In the second cell the first cleavage and polyadenylation signal is not obscured and is therefore used, eliminating any further transcription. Therefore there would be no normal introns left and the transcript would include all sequences up to the first cleavage signal (nucleotides that would otherwise be part of the first intron). When translated, this would make a different form of protein.
NOTE: Some of you considered that the splicing apparatus would work
first to remove the first intron and with it the first cleavage signal
causing the second to be used. That would result in the same protein as
I described above in the first paragraph. Either explanation was considered
correct. The second protein would not be affected by splicing in any circumstance
since no complete intron would be present when the first signal is used.
7. Describe the two trans-esterification reactions that allow an intron to be removed from a eukaryotic primary transcript. (8 pts)
Consult pages 497-498.
8. The late sex-lethal protein is functional in female fruit-flies but not male fruit-flies. Outline the consequences of this for both types of flies showing how, ultimately, this will determine the sexual characteristics of these flies. (10 pts)
Consult pages 505-506. To gain complete credit you had to explain both the regulation of the tra gene by sxl and the dsx gene by the tra complex. The complex plays the role of an SR protein in females and this needed to be part of your answer. Also, the different forms of dsx protein repress transcription of the phenotype-specific genes of the opposite sex. This also needed to be part of your answer.
9. If Nirenberg was living in a world where the genetic code consisted of quadruplet sequences coding for 15 amino acids, but everything else was done identically to our world,
A. How would he set up his experiments? (6 pts)
Into 15 tubes he would put cell lysates that had been treated with nucleases to remove the endogenous RNAs. They would contain all factors needed for translation including all tRNAS and all amino acids etc.
He would then synthesize all possible 4 nucleotide combinations. Individually, he would test each combination by adding it to each of the 15 tubes.
He would then add one radioactive amino acid to each of the 15 tubes.
He would filter the mixture and test for radioactivity on the filter.

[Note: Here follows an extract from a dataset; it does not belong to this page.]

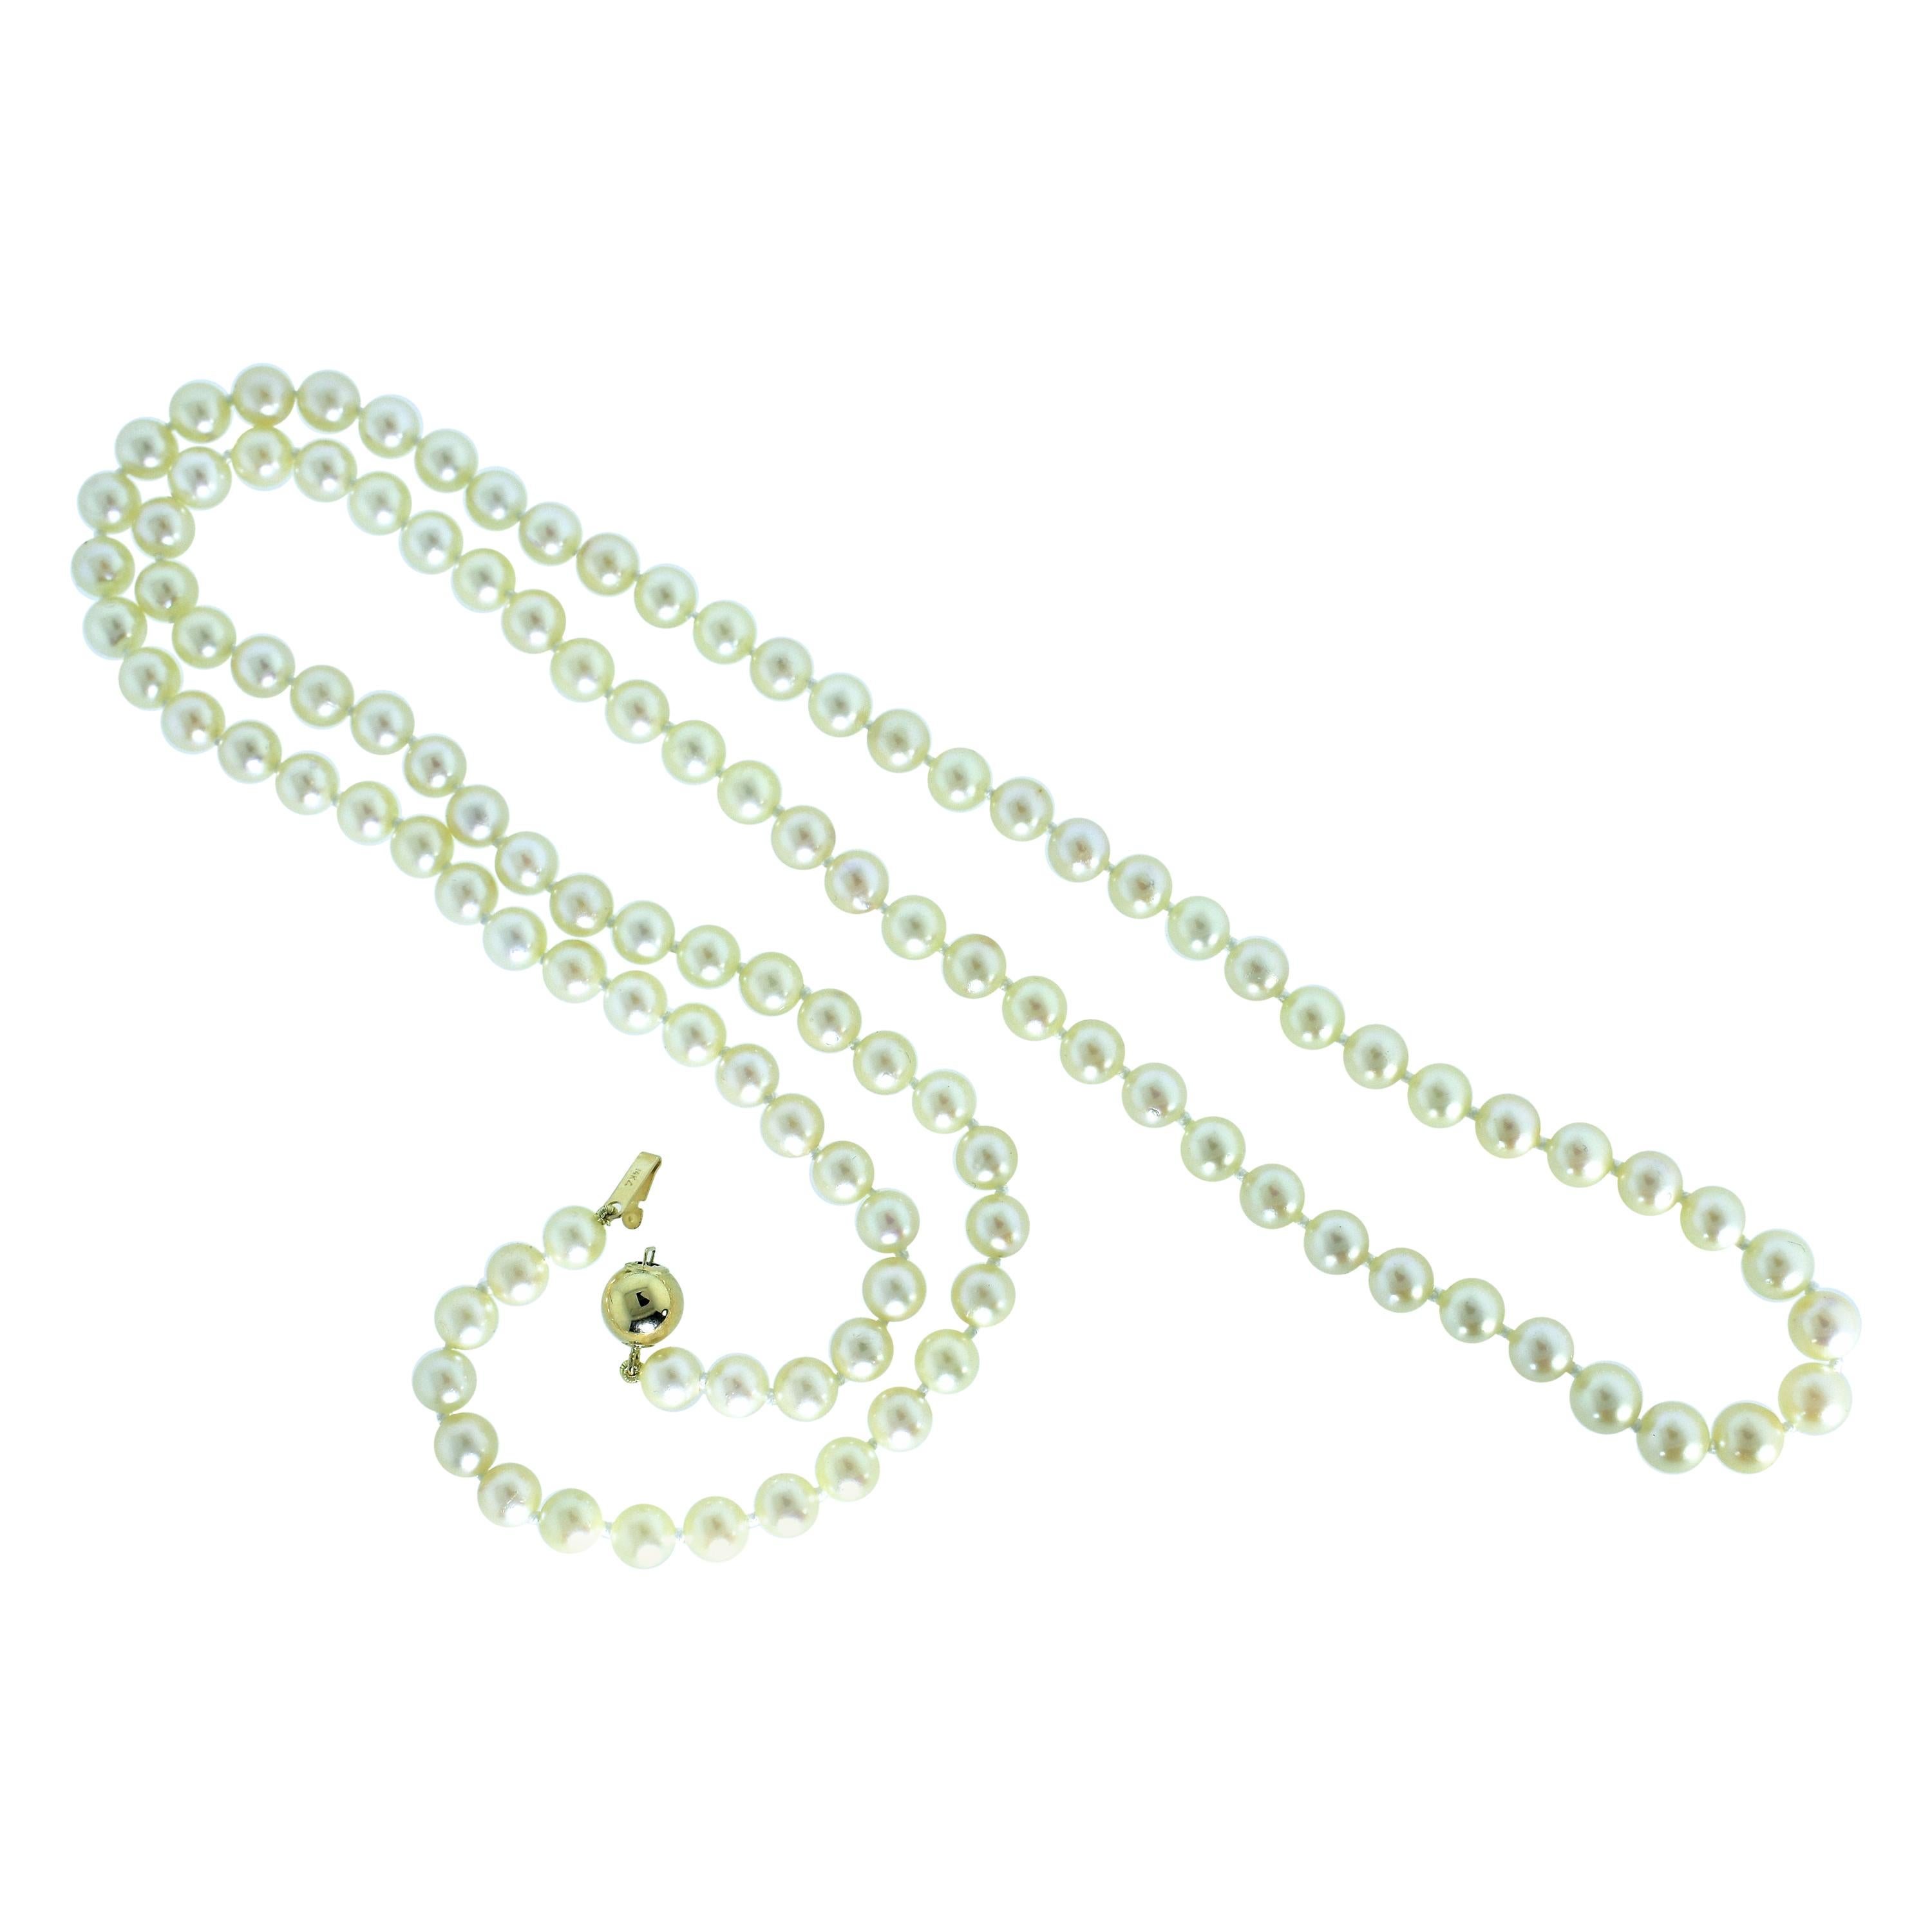 Japanische Akoya-Zuchtstrang, 32 Zoll in der Länge, mit 112 Perlen und fertig mit einem 14K Verschluss, die Perlen sind Salzwasser, rund mit Glanz, sie reichen in der Größe von 6,02 mm bis zu 6,68 mm.  Diese Strähne kann doppelt oder nur als eine

If a filter was radioactive he could conclude that it contained a ribosome
complexed to the tetranucleotide and to a tRNA carrying the amino acid
(radioactive) that the tetranucleotide coded for.
B. If the following table resulted from such an experiment, what could he conclude? (8 pts)
Sequence used labeled amino acid filter radioactive?
AGCU 3 no
AGCU 9 no
AGCU 11 yes
AGCU 15 no
CGAU 2 no
CGAU 6 yes
CGAU 8 no
CGAU 14 no
UCAG 1 yes
UCAG 4 no
UCAG 10 no
UCAG 14 no
GCUU 5 no
GCUU 7 no
GCUU 12 no
GCUU 13 no
AGCC 3 no
AGCC 8 no
AGCC 11 yes
AGCC 15 no
Amino acid 1 is coded by UCAG. Amino acid 6 is coded by CGAU. Amino
acid 11 is coded by both AGCU and AGCC and therefore the genetic code is
degenerate. Also, GCUU code for none of the 15 amino acids and therefore
may possibly serve the role of stop codons.
10. What was the topic of our first debate? (5 pts)
Should scientists awarding a limited amount of available federal
dollars for research choose human “adult” stem cell projects showing promise
already (umbilical cord; bone marrow, etc.) over projects involving human
embryonic stem cells (controversial, untested, but potentially very powerful)?